Physical signs of ecstasy use include teeth clenching and constant complaints of thirst. Impulsiveness is also a telling sign. Your child may start displaying risky behavior, like sudden interest in extreme sports.
Note though that a sudden and huge increase in showing affection and love is also a telling sign. You may also notice an unusual level of happiness in them. These may sound pleasant, but anything that’s “weird and excessive” isn’t a good thing.
Is My Parent Using Ecstasy?
The physical signs of ecstasy abuse in adults are almost the same as in children. In the case of parents abusing the drugs though, certain symptoms can arise.

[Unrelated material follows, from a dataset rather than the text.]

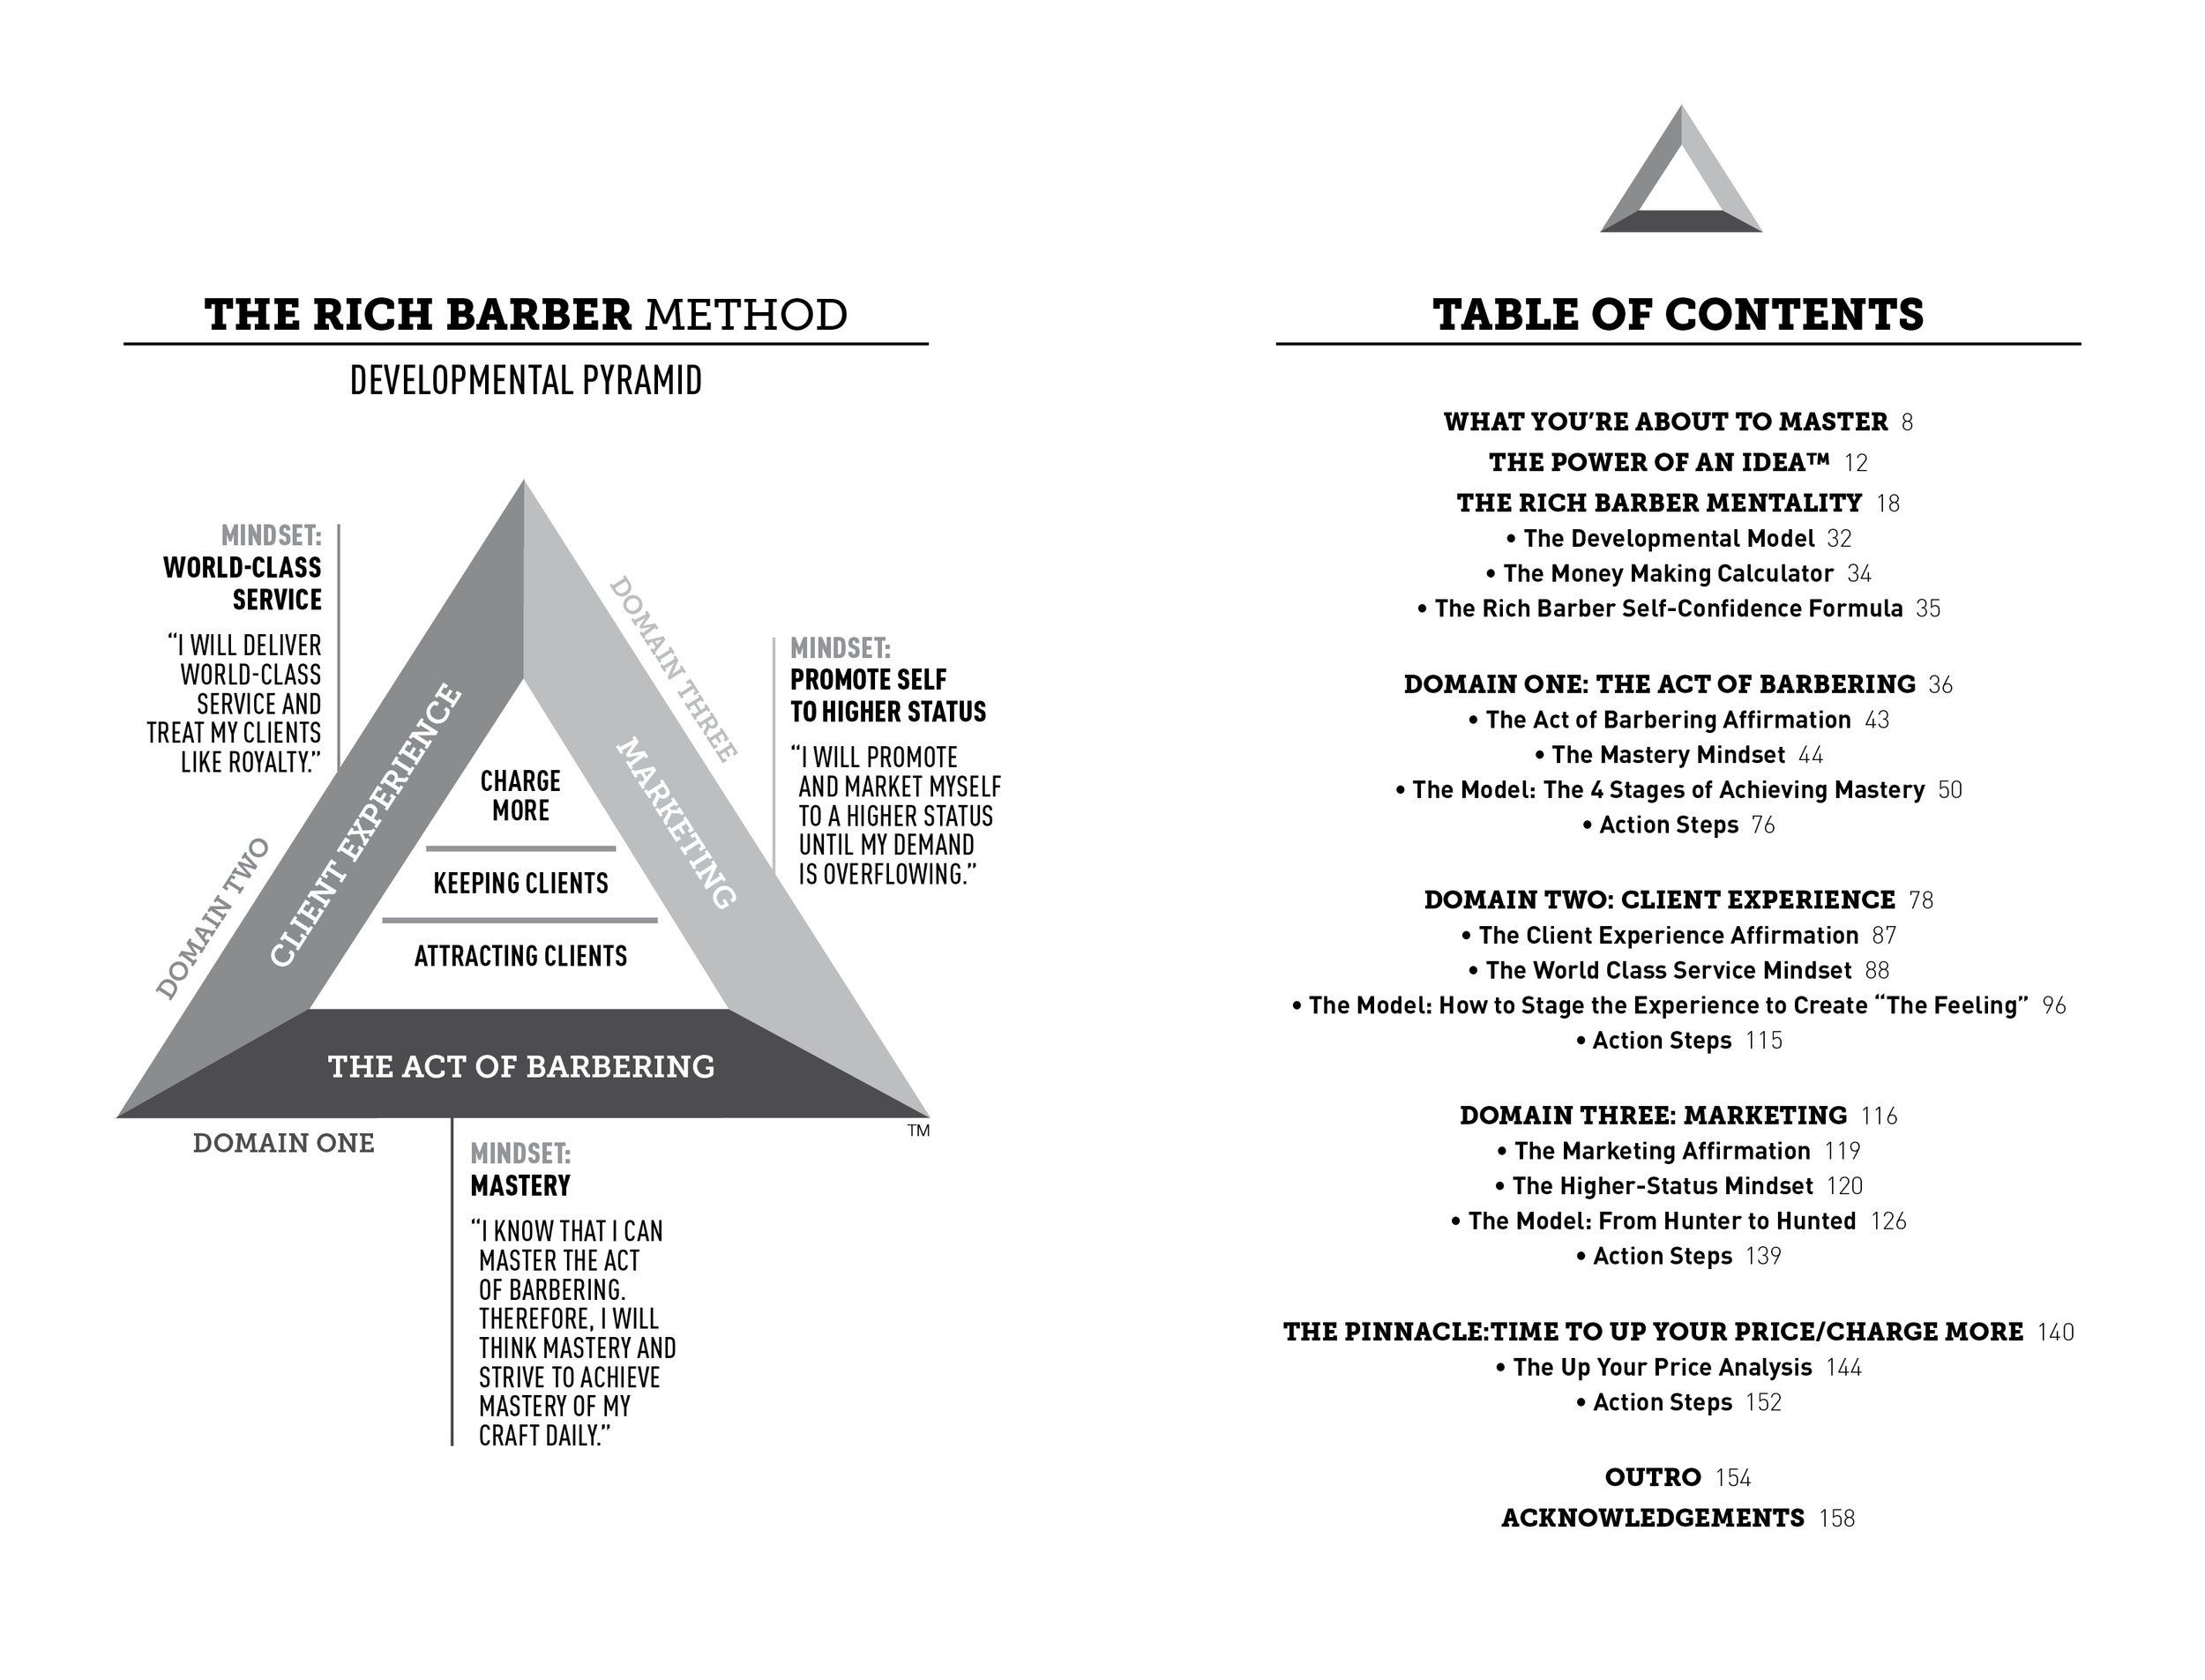 Rich_Barber_Method_Book_FINAL_6-7.jpg

For instance, you may have noticed your mom or dad hanging out with people you’ve never met. You also don’t see your parents’ good, old friends anymore. They may also keep asking you to go to family events without them because they’re “busy”.
They may also go out late at night and come home still full of energy. Although they can become more loving and affectionate, they can also be quick to burst in anger.
If your parents use ecstasy, you may hear a lot of complaints about muscle pains and fatigue. They may have display confusion and forgetfulness. For example, they forget about parent meetings in school or mix up important dates.
Intervention for Ecstasy Abuse
It’s vital to respond promptly when a loved one shows ecstasy symptoms and warning signs. Not only because the effects of the drug’s use and abuse are a health danger. But also because they make people more vulnerable to predatory and dangerous people.
One of the best ways to help a loved one with ecstasy addiction is arranging an intervention. It’s the first step to helping them realize that they have become addictive or abusive. It’s key to showing them that their behavior endangers their lives.
That said, an intervention specialist can help ensure proper intervention. After all, there’s a process behind this life-saving method. A specialist can help increase the chances of successful results.